### [SUPPLIED MATERIAL]
==============================
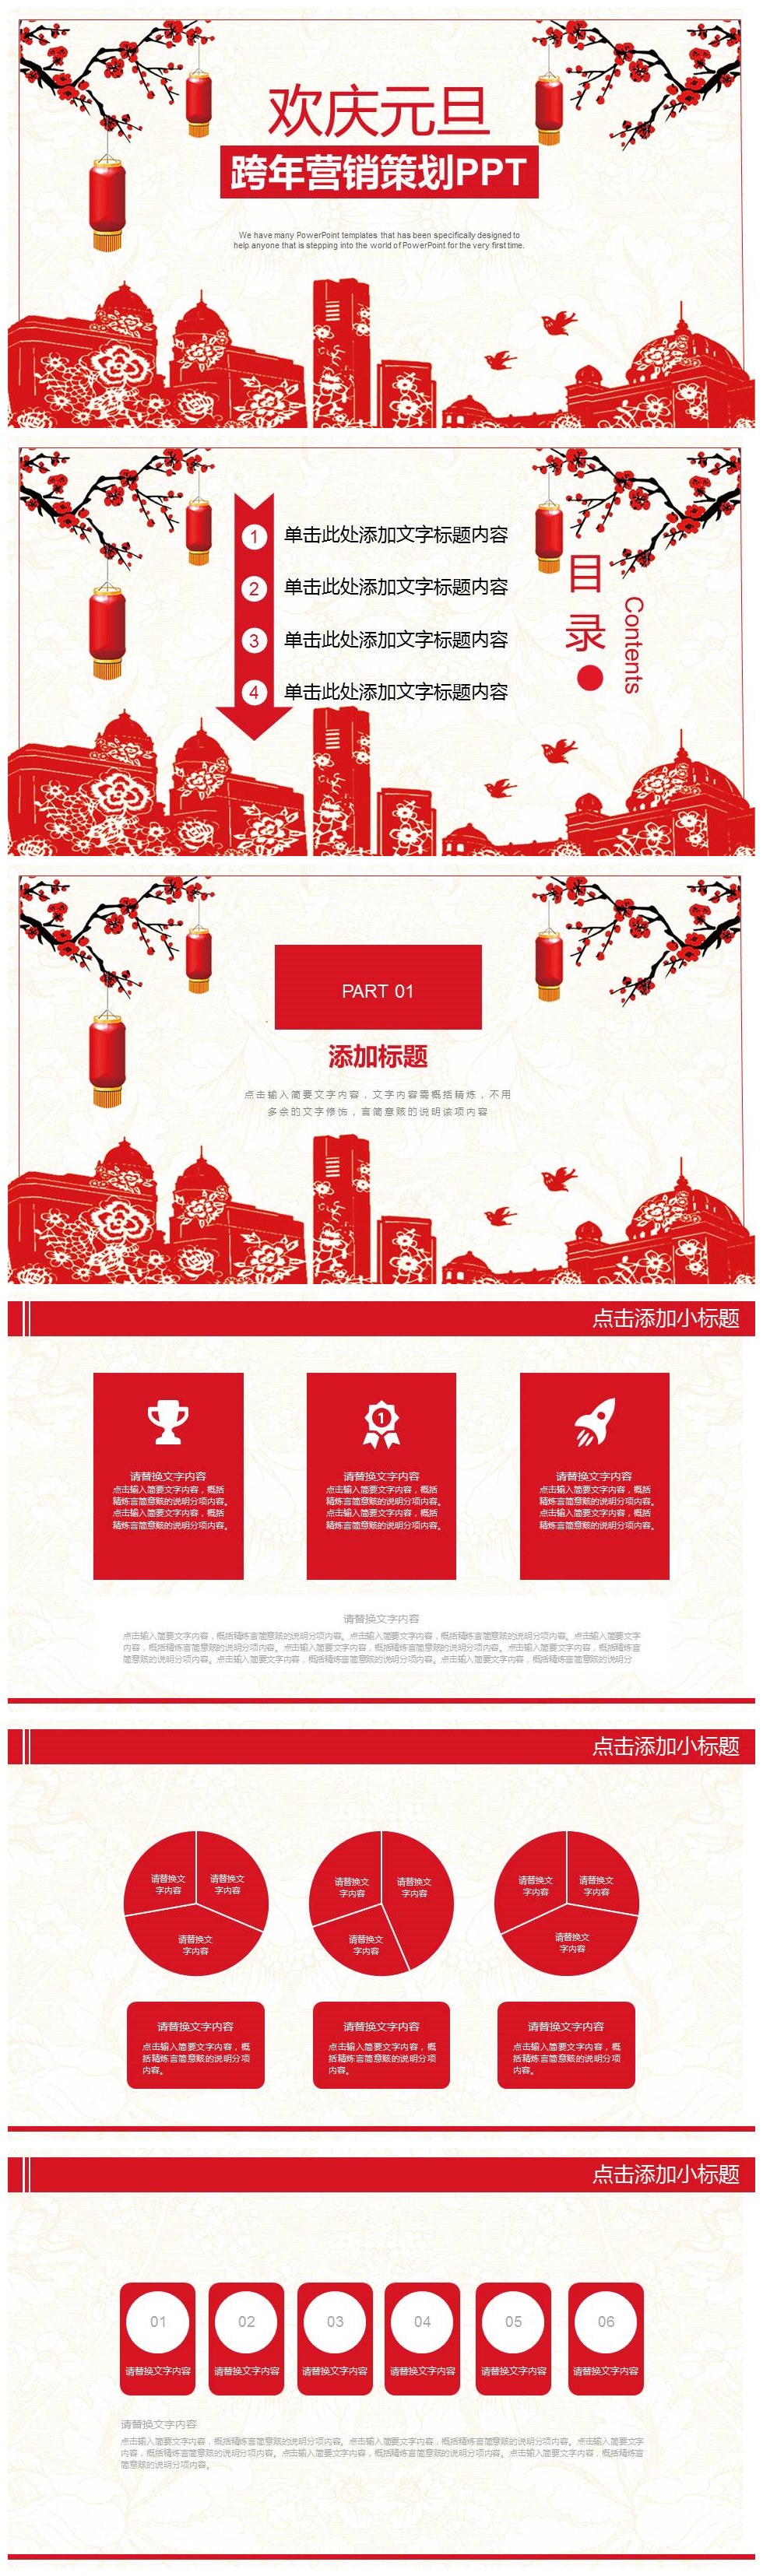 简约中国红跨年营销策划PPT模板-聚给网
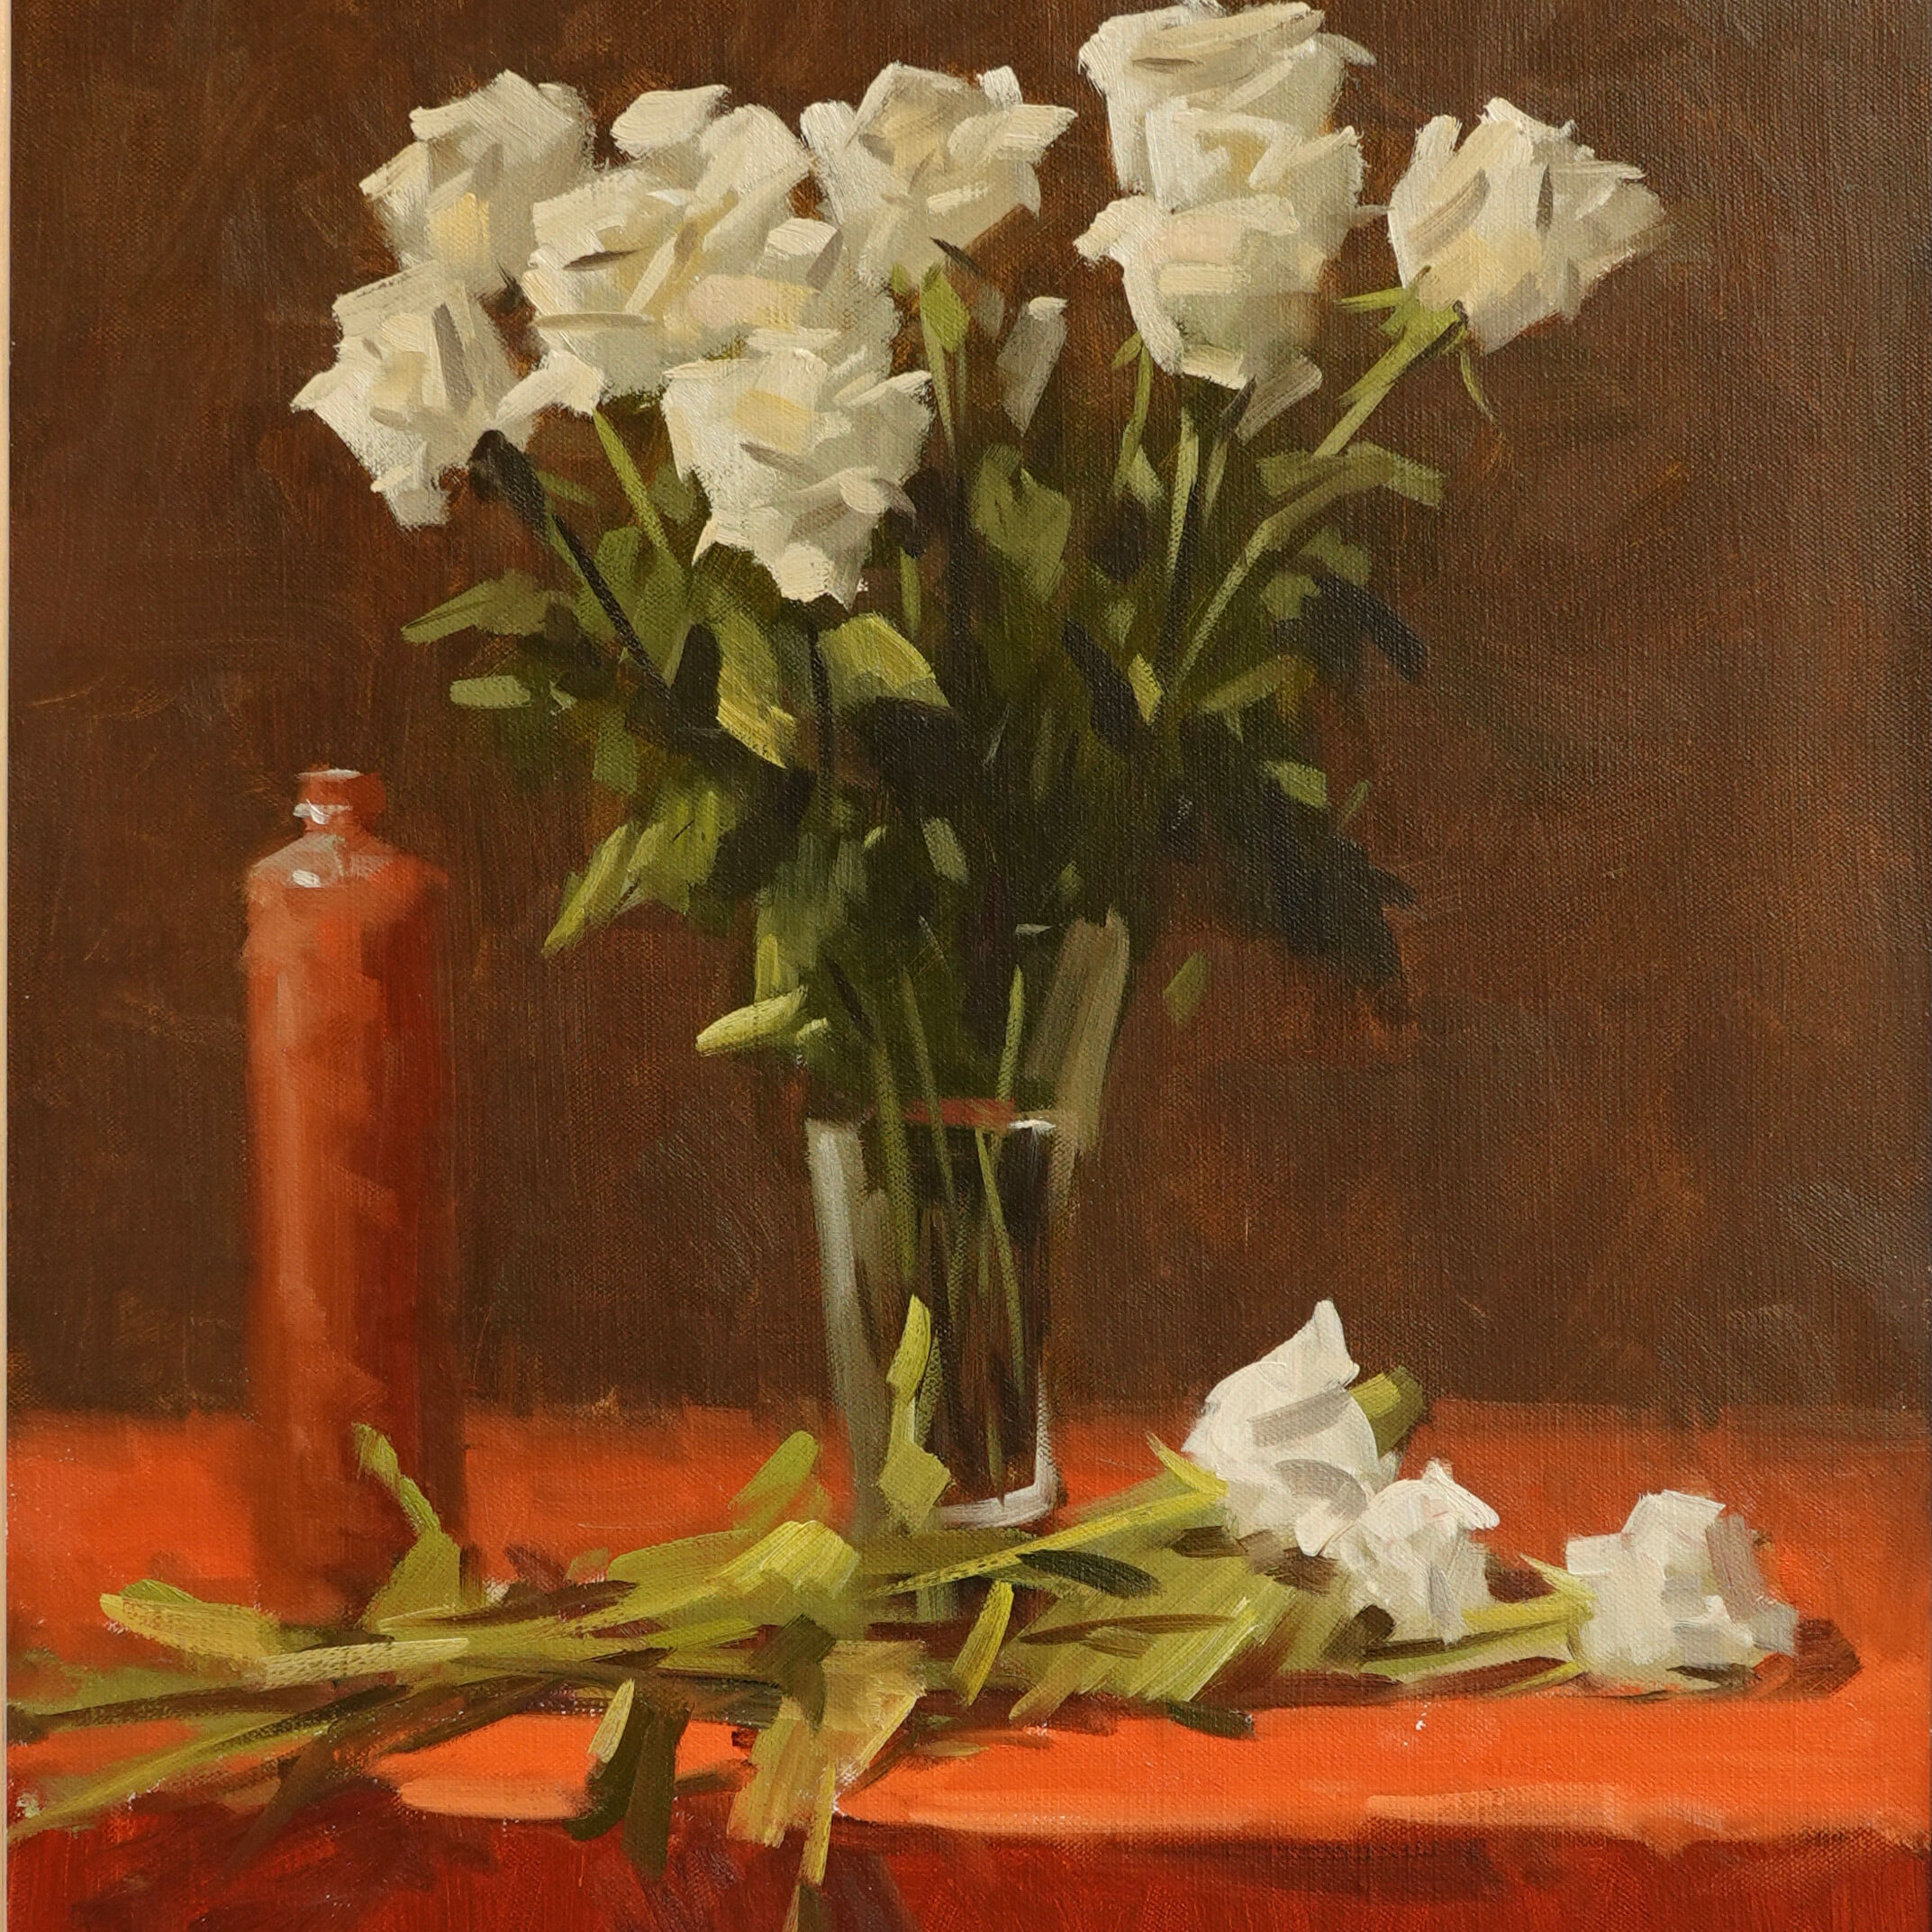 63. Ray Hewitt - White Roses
==============================
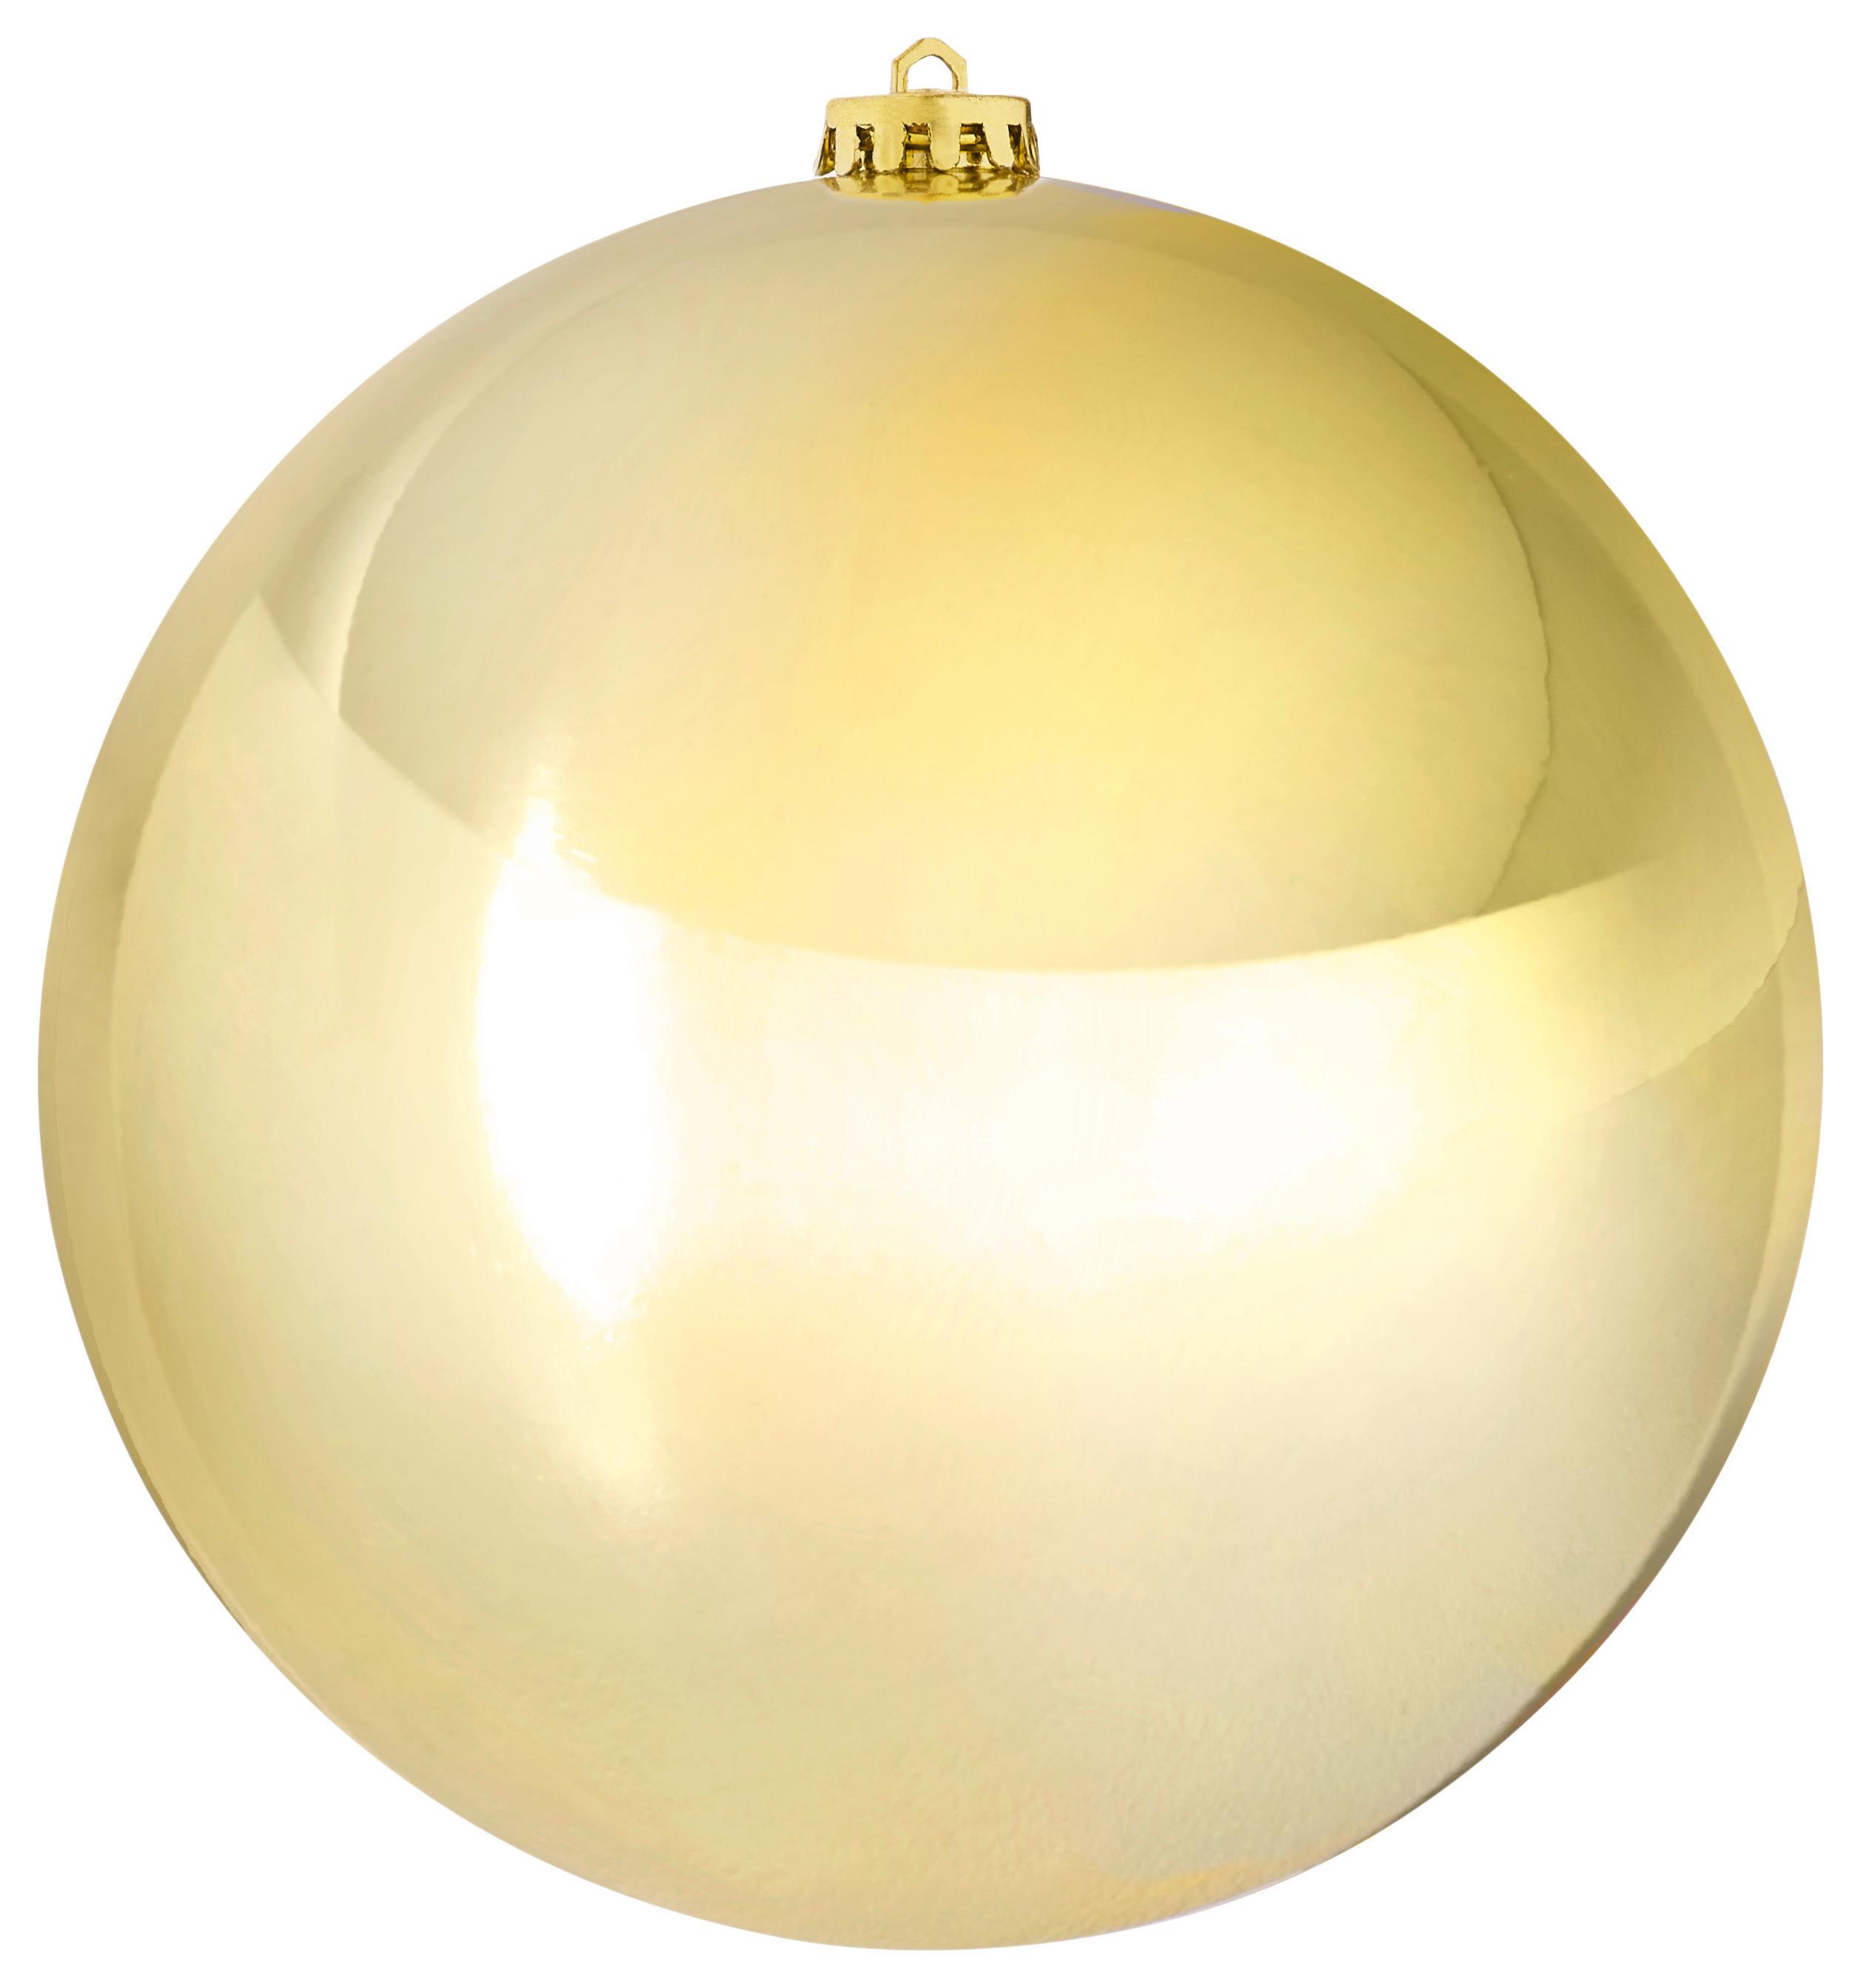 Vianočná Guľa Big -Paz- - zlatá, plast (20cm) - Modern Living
==============================
### [WHAT YOU HAVE TO DO]
Take only the lines above from the one that has "简约中国红跨年营销策划PPT模板-聚给网" through the one that has "63. Ray Hewitt - White Roses" and reproduce them exactly, omitting any pictures.

### [ANSWER TO THE PROBLEM]
 简约中国红跨年营销策划PPT模板-聚给网
 63. Ray Hewitt - White Roses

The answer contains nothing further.